Examples of this tendency abound, and this newspaper has highlighted them. While the wholesale price of energy fell sharply in 2008 the prices charged to customers by the "big six" energy firms stayed the same. The giant supermarket groups stand accused of using their market power to bully small suppliers and to pressurise local councils on matters of planning. And, of course, the banking sector has been the source of a host of abuses in recent years, from excessive overdraft charges to the arbitrary imposition of penal borrowing terms on small businesses since the recession.

The costs to the public of a laissez-faire attitude to markets from the state manifest themselves in excessive charges and needlessly high prices. But the public costs by no means stop there. The reason Britain has one of the biggest deficits in the G20 is because the Treasury became so heavily reliant on the bubble revenues of an inadequately regulated financial services sector. Britain is facing years of savage public spending cuts largely because of the failure of successive ministers and regulators to curb the recklessness of the banks.

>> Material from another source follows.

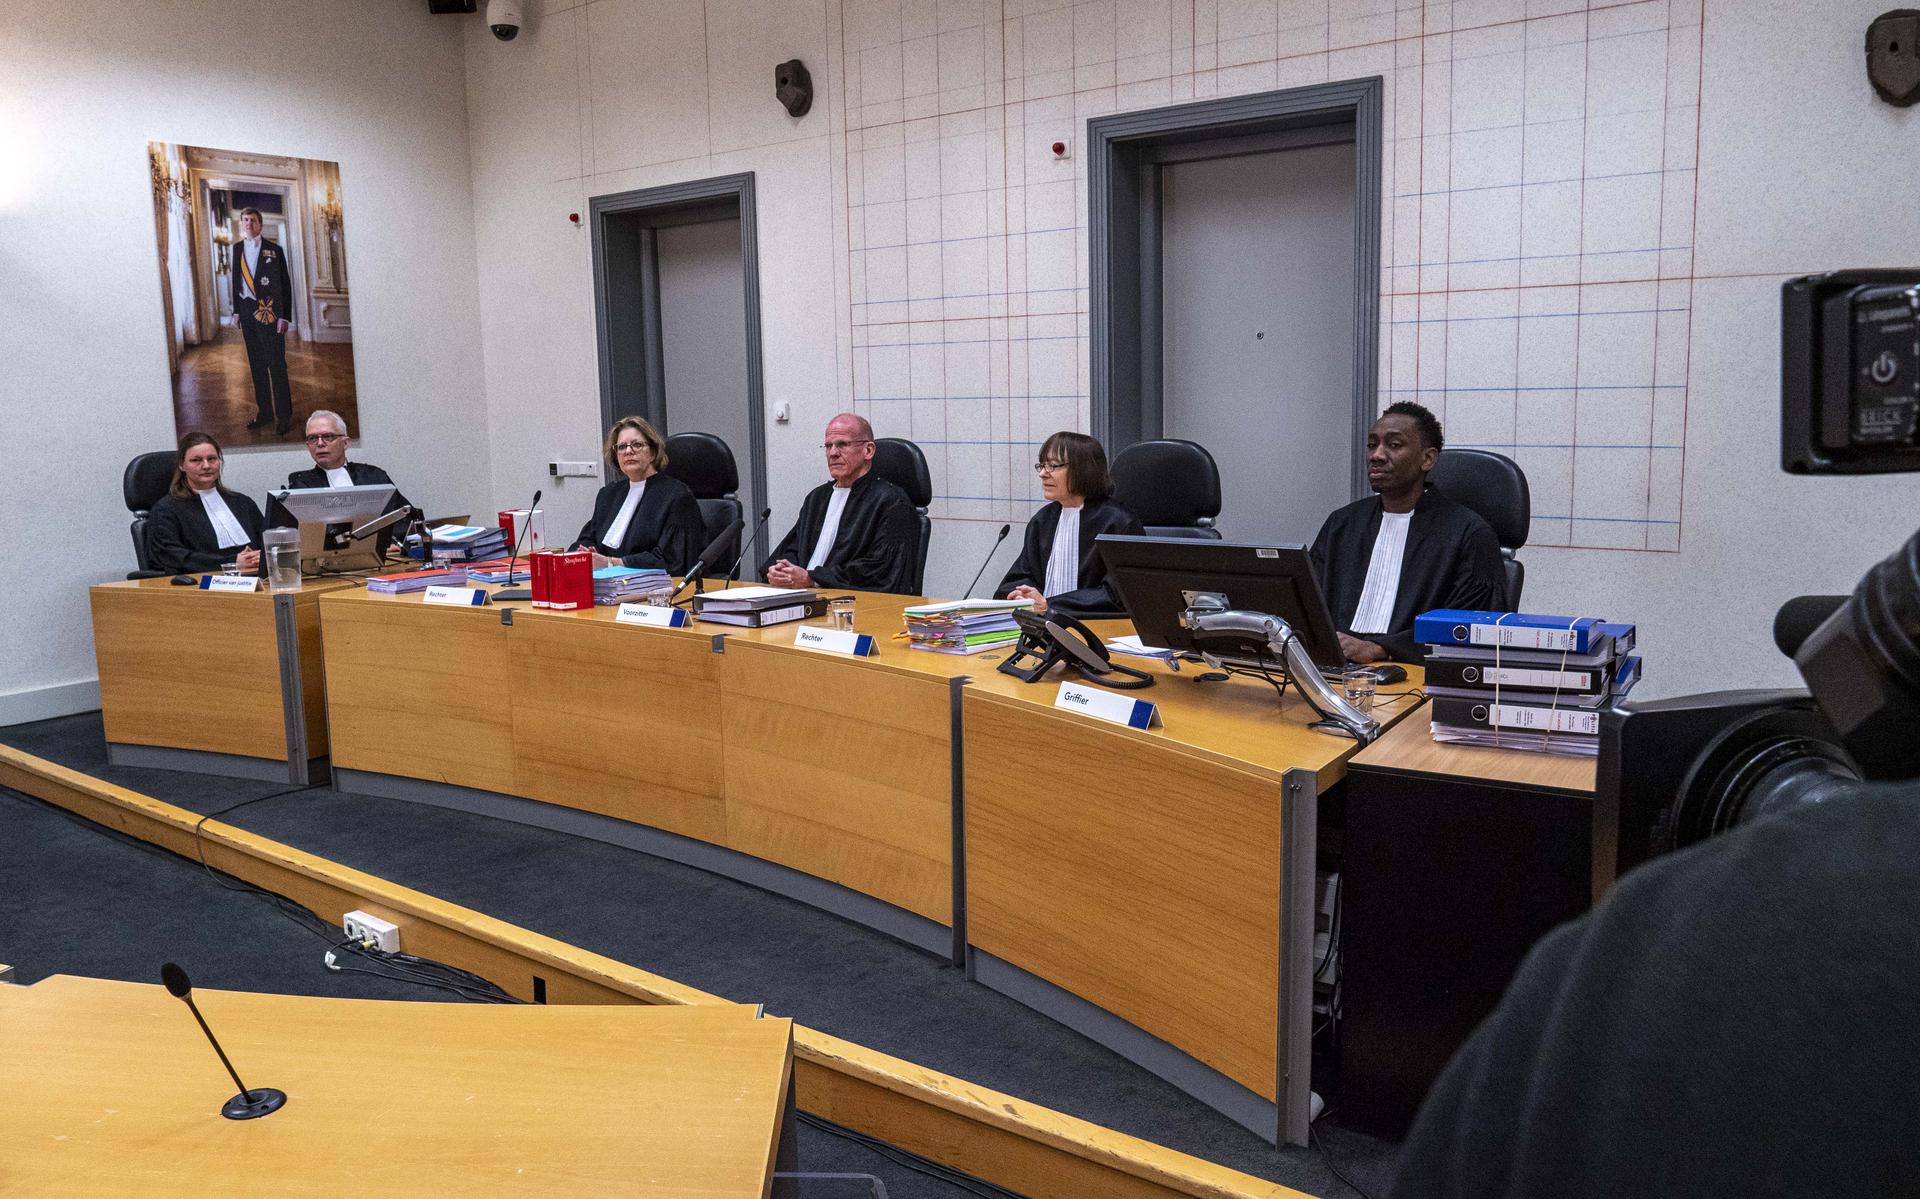 De drie rechters (midden zit voorzitter Herman Fransen) aan de pro forma Ruinerwold.

It is for the same reason – protection of the public interest – that Mr Cable is justified in examining the rules surrounding private sector takeovers, such as the recent acquisition of Cadbury by the US food giant Kraft. Most of these large mergers end up destroying shareholder value over the long term. And Cadbury is unlikely to be an exception. Shareholders, not ministers, should decide on matters of ownership. But it is almost impossible for shareholders who take a long-term perspective to hold out when short-term speculators arrive en masse as they do when news of a takeover attempt breaks. It is entirely legitimate for the Government to examine ways of throwing sand in the wheels of such takeovers. There is nothing in the least "anti-business" about demanding a level playing field for investors.

In recent years, ministers have tended to assume that support for free markets means blindly cheering on all private sector activity. But the interests of individual companies, or a particular sector, should not be confused with the interests of the wider economy or the general public. Mr Cable understands that distinction. We await with interest to see whether the Coalition as a whole has got the message.